Gemma hung up, thought briefly, wildly, about calling Will on his cell phone, then forced herself to go sit in her office. Macie was right. She was marking time and it was time to move on. Get out of the diner business and find what she wanted to do, what she was good at.
She just didn’t want it to be psychic readings.
She wanted Will. Wanted him right now. In her bed. Wrapped around her like a vine. Wanted to make love for hours.
She made a sound of disgust and shook her head at herself.
Think about something else, she told herself, forcing thoughts of Will aside.
Immediately the name Spencer Bereth ran across the screen of her mind in big, black letters.
Someone had run him off the road. Someone had shot him. Someone had killed him.
Charlotte’s voice: It’s Robbie Bereth’s dad! He came by the diner to tell me off about stealing the bike. But he’s the guy, Gemma. The one you chased out of the diner that day!
“But I didn’t kill him,” she said aloud.
Will said it was two days ago, right?
“I was home. Or at Tremaine Rainfield’s office.”

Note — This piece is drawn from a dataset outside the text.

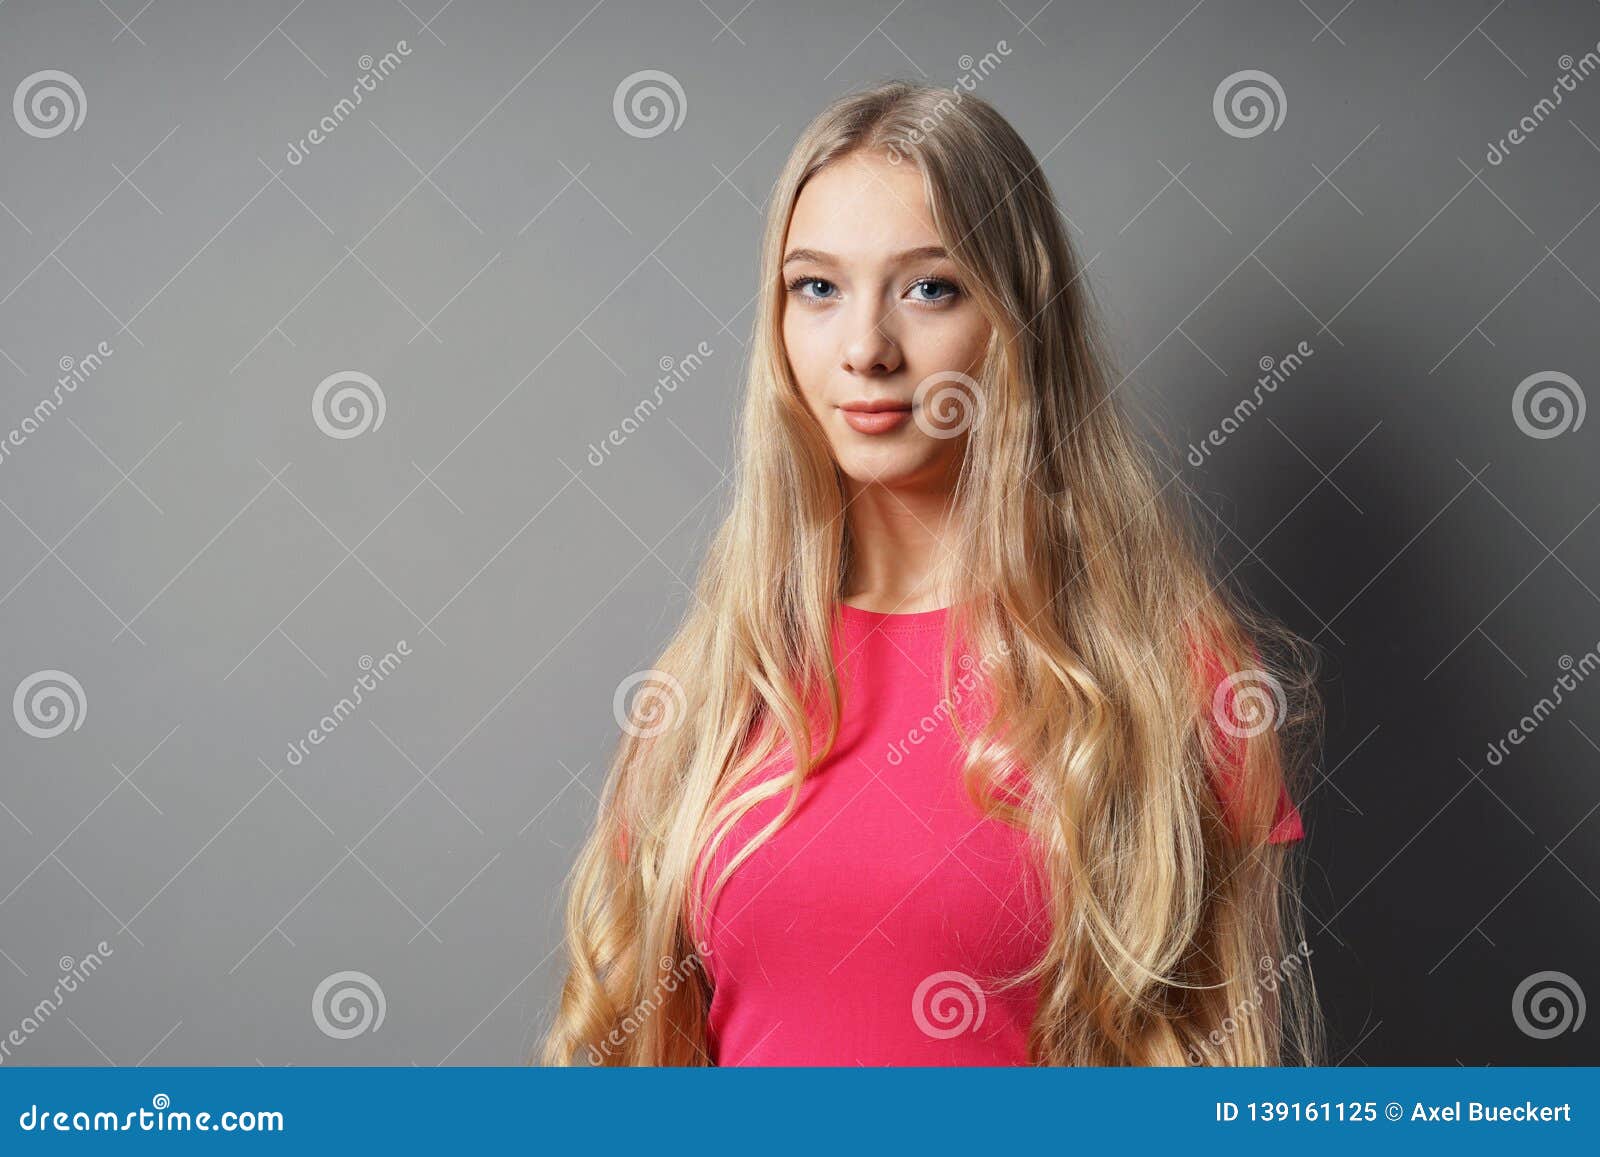 teenage woman with long blond hair and contented smile

But yesterday you were really tired. Like you’d been awake all night when you were sure you’d slept like the dead.
And a few days ago you woke up naked on the couch with no memory of taking your clothes off.
“But I didn’t kill him,” she said again, in a voice that sounded less convinced.
Will looked down at his desk, then over at Barb’s empty seat. He was wondering where she was when she came down the hall with Sheriff Nunce. “I’ve decided to retire,” the sheriff said as he entered the room. “For real. You should run for the
job,” he told Will.
Will smiled faintly. His mind had been on the way Gemma’s hips moved when she walked, the way her hair swung around her chin, and her lips curved, and her breasts felt, warm and firm and luscious. What would the sheriff think if he knew his number-one choice for his position was sleeping with a suspect in a homicide?
“What’s with you?” Barb asked as she rolled back her chair and perched on it.
Nunce was talking amiably with Jimbo, whom he’d met in the hall. Will watched them walk off together.
“Have you got that partial plate number?”
“Yeah. But I’m not giving it to you.”
“Okay. Why?”
“Because you’ve been sleeping with the enemy.”
Will had been in the process of looking over the notes on his desk. Now he deliberately didn’t react. She couldn’t know. It was just a figure of speech. Still, his heart rate jumped. “I’m assuming you mean Gemma LaPorte.”
“I don’t know what the fascination is for her but you’ve got it bad.”
He picked up his cell phone and placed a call. Barb gave him the Who? frown and he said, “My mother. I want to know how she rode out the storm.” Then, “Hi, Mom, it’s Will.” And he turned a shoulder to Barb, more to collect himself than worry that his conversation was overheard. His mother gave him an earful about what she thought of the noise of the storm and Will let her ramble. Barb kept her eyes on him for a while, then finally dug into her own work.
When Will said good-bye and hung up, Barb reached over and handed him a paper. He glanced at it. It was the partial license plate. “I’ve got about four possibles for a white or tan truck.”
Will’s heart beat hard. He gazed down at the numbers. They weren’t even close to Gemma’s father’s truck’s license. It hadn’t been her vehicle.